What I mean by not having the same sequence id, is that I need to make sure that the random sequence pair
, the two sequences are not from the same list, if that makes sense. The purpose is to compare the sequences that belong to the different sequences id's.

Edit: However, I don't want to remove the key, just the those sequence in the list that doesn't fulfill the criteria, and keep the other sequences associated with that key. I am sorry if that wasn't clear.
Reply
#4
It easier to comprehend if you provide some real examples of key-value pairs and how expected outcome should look like.

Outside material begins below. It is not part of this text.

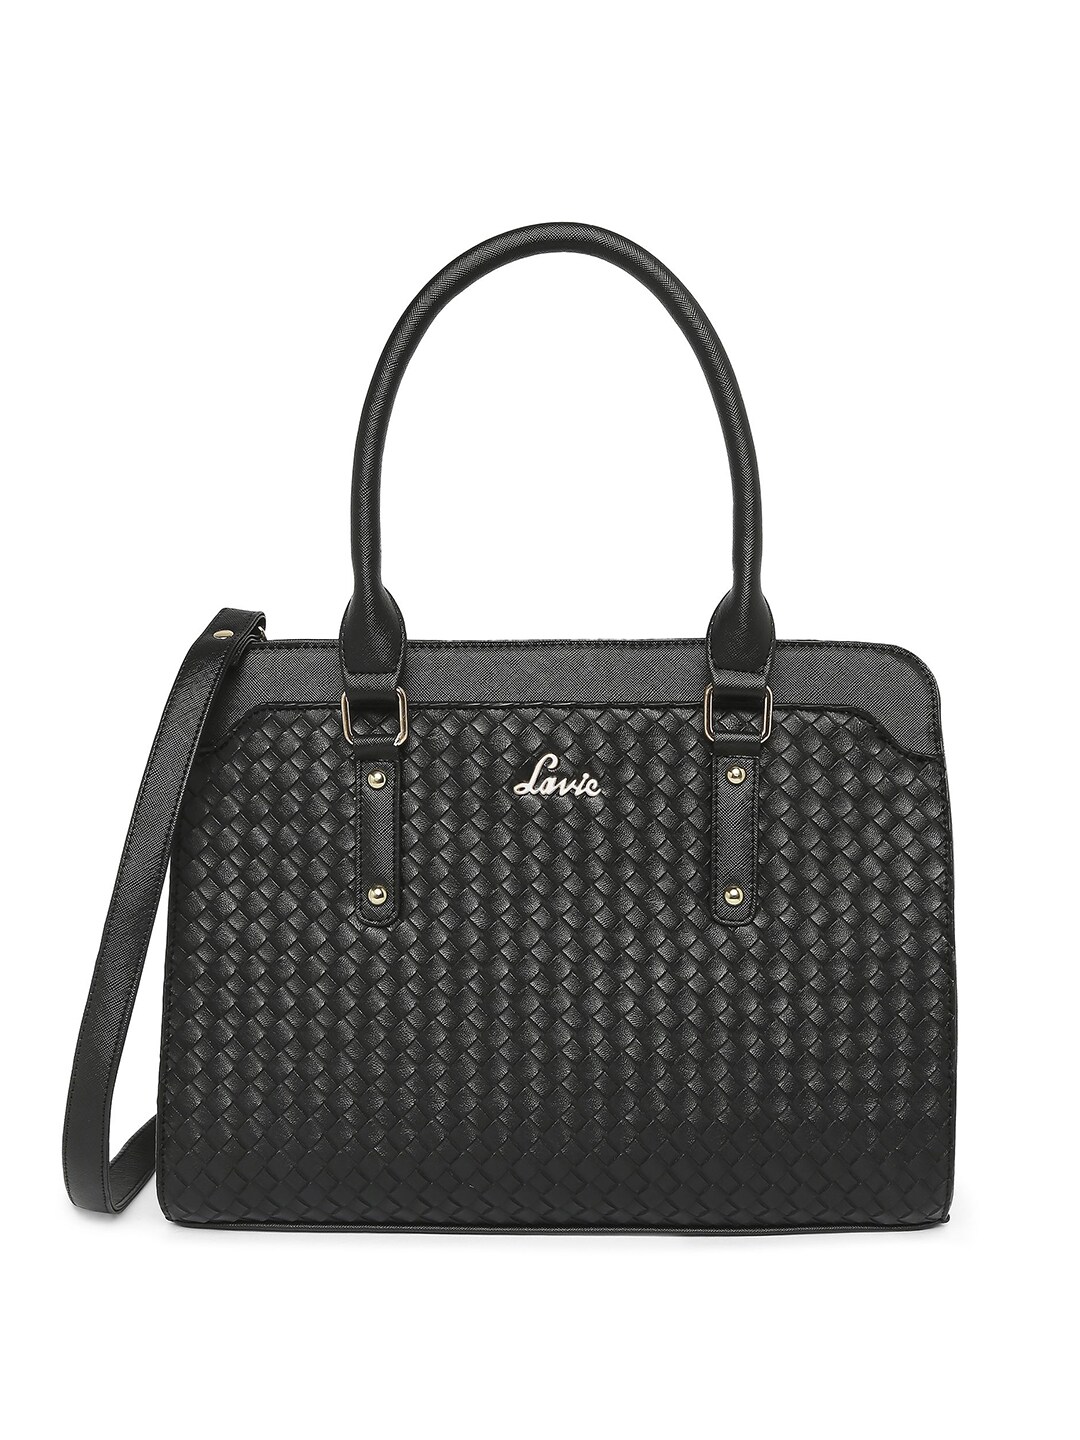 Lavie Black Textured Structured Handheld Bag with Quilted Price in India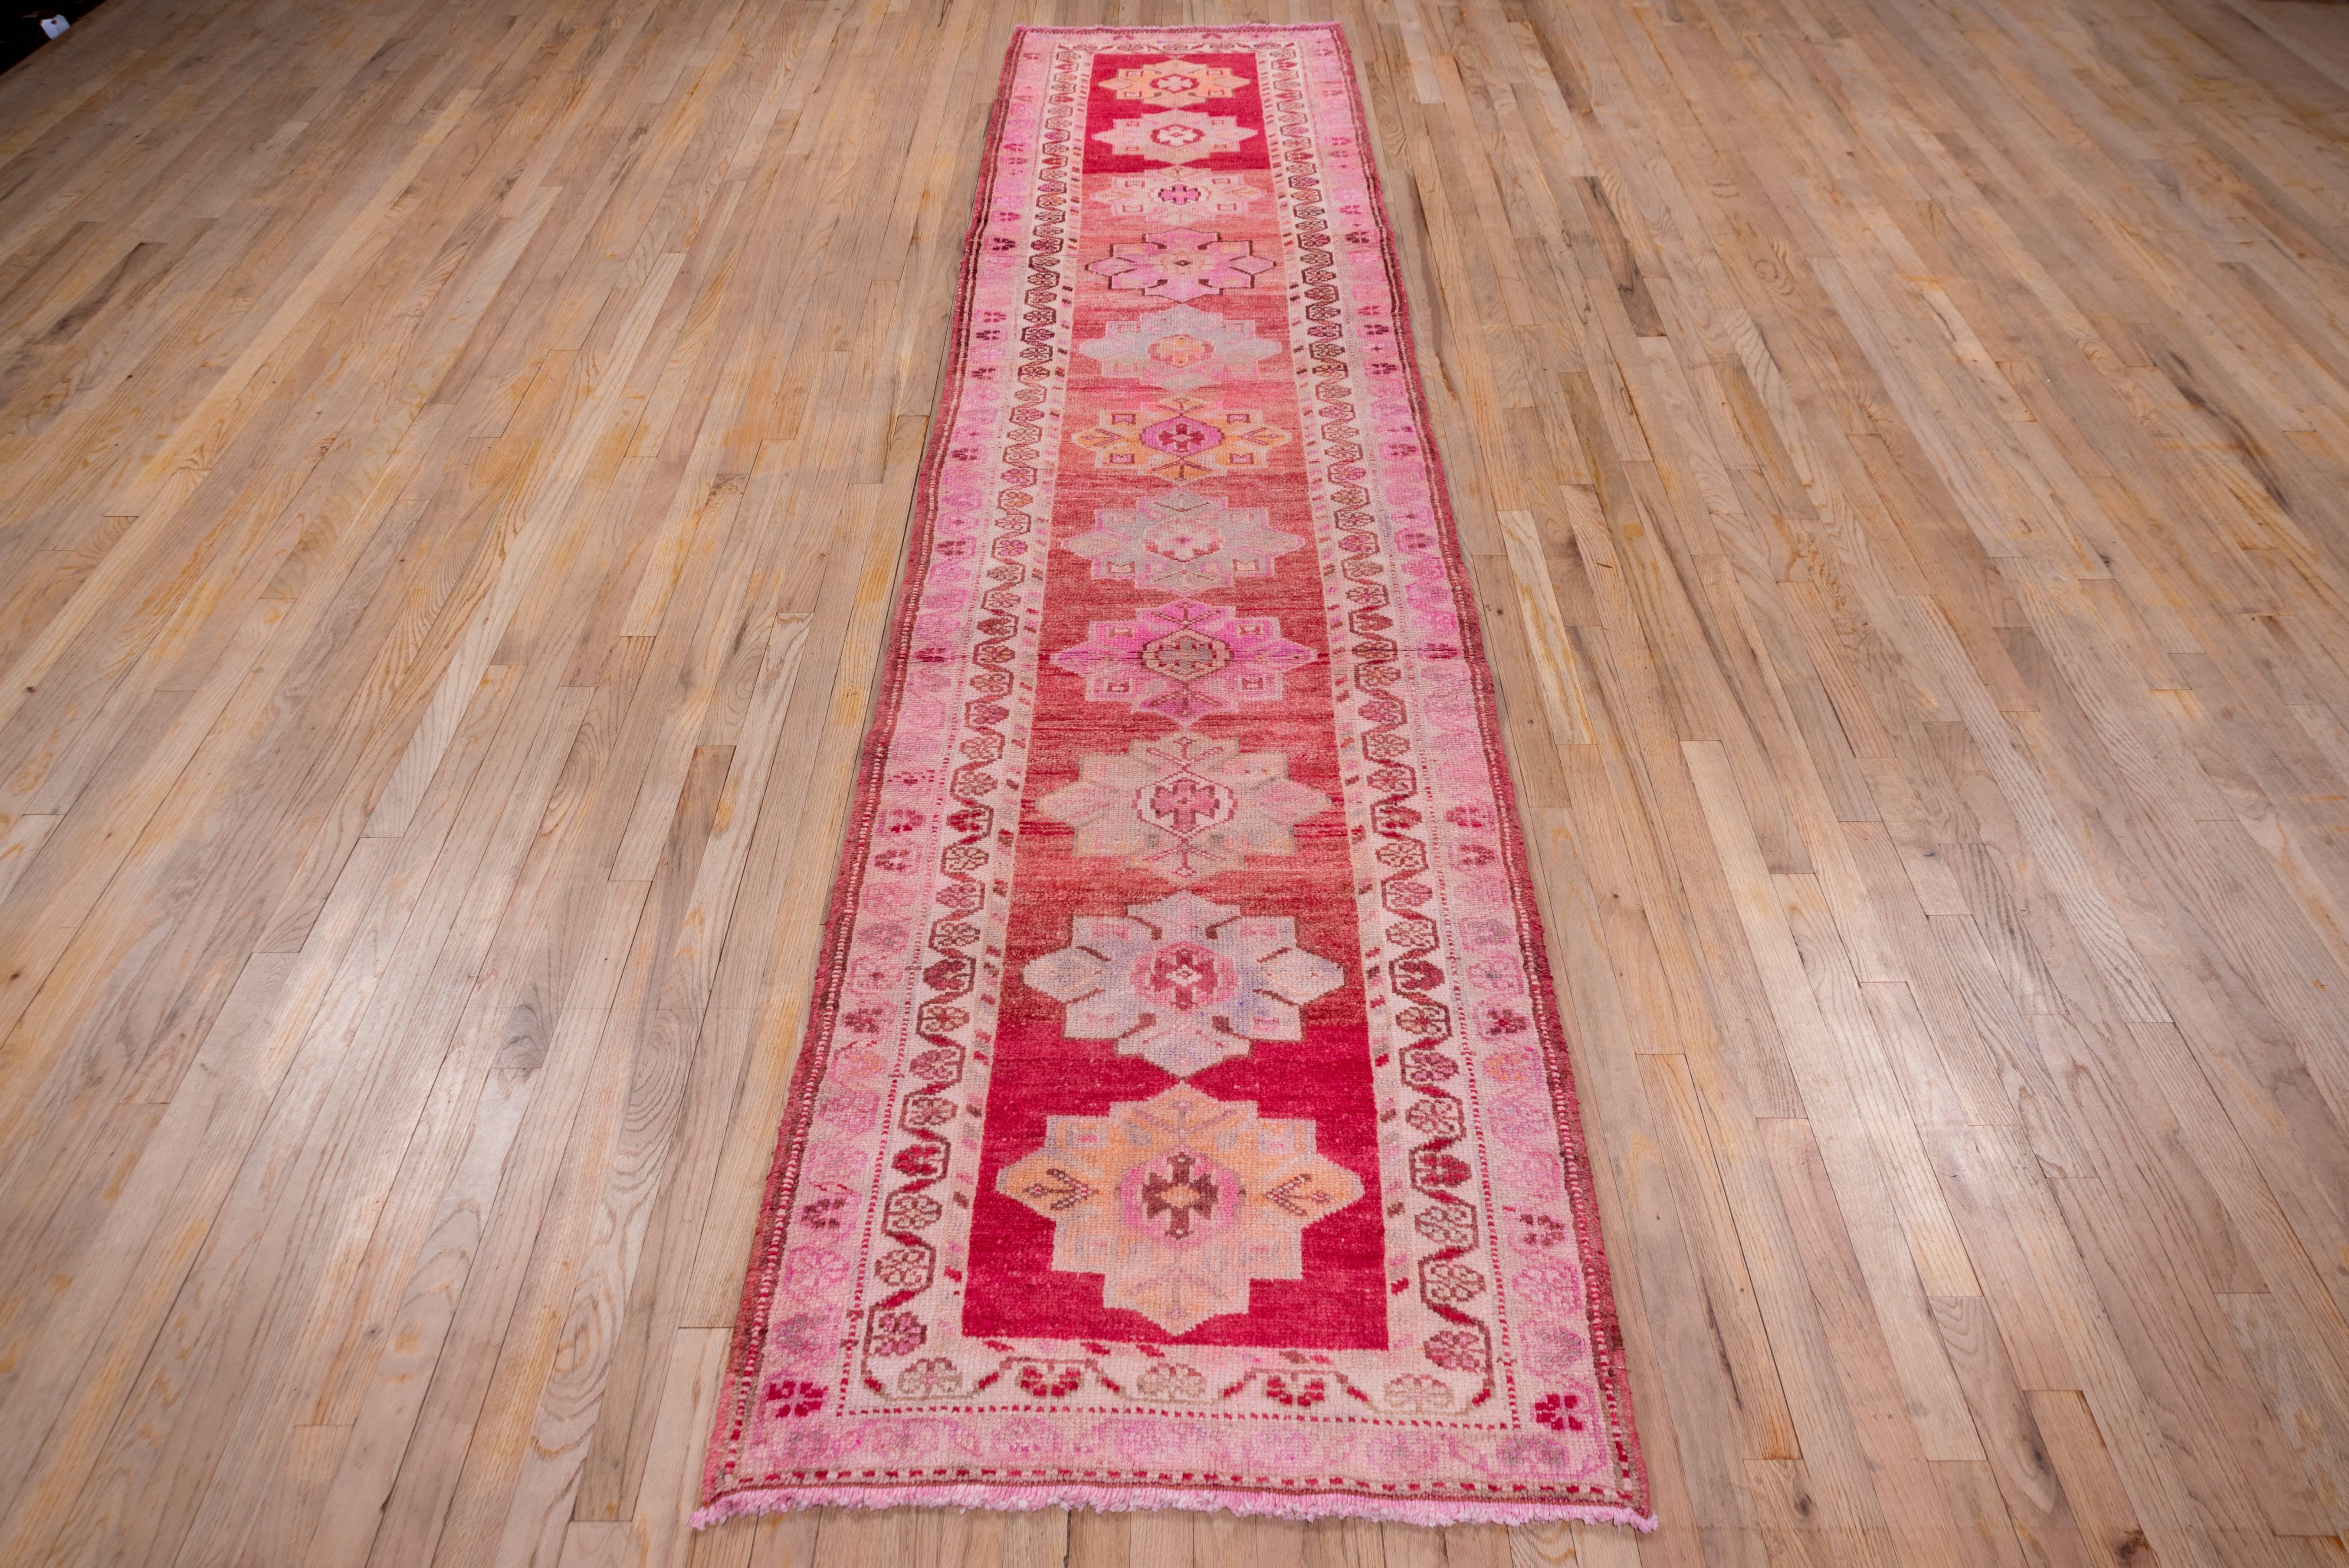 The variegated soft red field of this Anatolian displays 11 stepped diamond medallions in soft yellow, blue grey and yellow grey. The two borders both employ an undulating vine and simple palmette pattern on ivory and pale pink grounds.

Is it something like that:

>>> dummy = {1: ['aba', 'baa', 'cba'], 2: ['aaa', 'ccc', 'cbc']}
And the task is find strings in lists where 'b' on index 1 and make pairs of these strings without having two strings from same list as pair?
I'm not 'in'-sane. Indeed, I am so far 'out' of sane that you appear a tiny blip on the distant coast of sanity. Bucky Katt, Get Fuzzy

Da Bishop: There's a dead bishop on the landing. I don't know who keeps bringing them in here. ....but society is to blame.
Reply
#5
So I have an dictionary that looks something like this:

Output:
{'1arcH': ['DKATIPSESPF', 'KATIPSESPFA', 'ATIPSESPFAA', 'TIPSESPFAAA']'1aabH': ['GVSGSCNIDVV', 'VSGSCNIDVVC', 'SGSCNIDVVCP', 'GSCNIDVVCPE']'1cevH': ['DISSTEIAVYW', 'ISSTEIAVYWG', 'SSTEIAVYWGQ', 'STEIAVYWGQR', 'TEIAVYWGQRE', 'EIAVYWGQRED']
For each of the values I only want the central character to be eg 'A', 'P' or 'V' so I get a updated dictionary that looks like this:

Output:
{'1arcH': ['DKATIPSESPF']'1aabH': ['GSCNIDVVCPE']'1cevH': ['SSTEIAVYWGQ', 'STEIAVYWGQR']
When that is done,, I want to be able randomly pair 'DKATIPSESPF' with another sequence from another list, now the sequence id is not important anymore so I imaging that this could be stored in a list or an array.

Thank you again!
Reply
#6
For 1arcH, why wouldn't KATIPSESPFA match? It contains both an A and a P.
Reply
#7
If decomposed to spoken language task can be represented with quite simple steps (it's more or less brute-force but according to Donald Knuth premature optimisation is root of almost all evil in programming):

- filter values
- create all pair combinations
- remove pair combinations created from values of one key

For trying out ideas Python interactive interpretator (or Jupyter) are always your best friends. So let's try to express the 'easy' steps in spoken language in Python. Following is one uninterrupted session (thus using _).

Filter values

We have dictionary, we have values (d.values()). We need filtered values (I assume that "the central character to be eg 'A', 'P' or 'V'" means that on index 5 there must be one of those letters). One obvious way is to use built-in functon filter, but it's out of fashion nowadeays so we use list comprehension - we will loop through value (list) of every key and for every key create list of elements which meet criteria.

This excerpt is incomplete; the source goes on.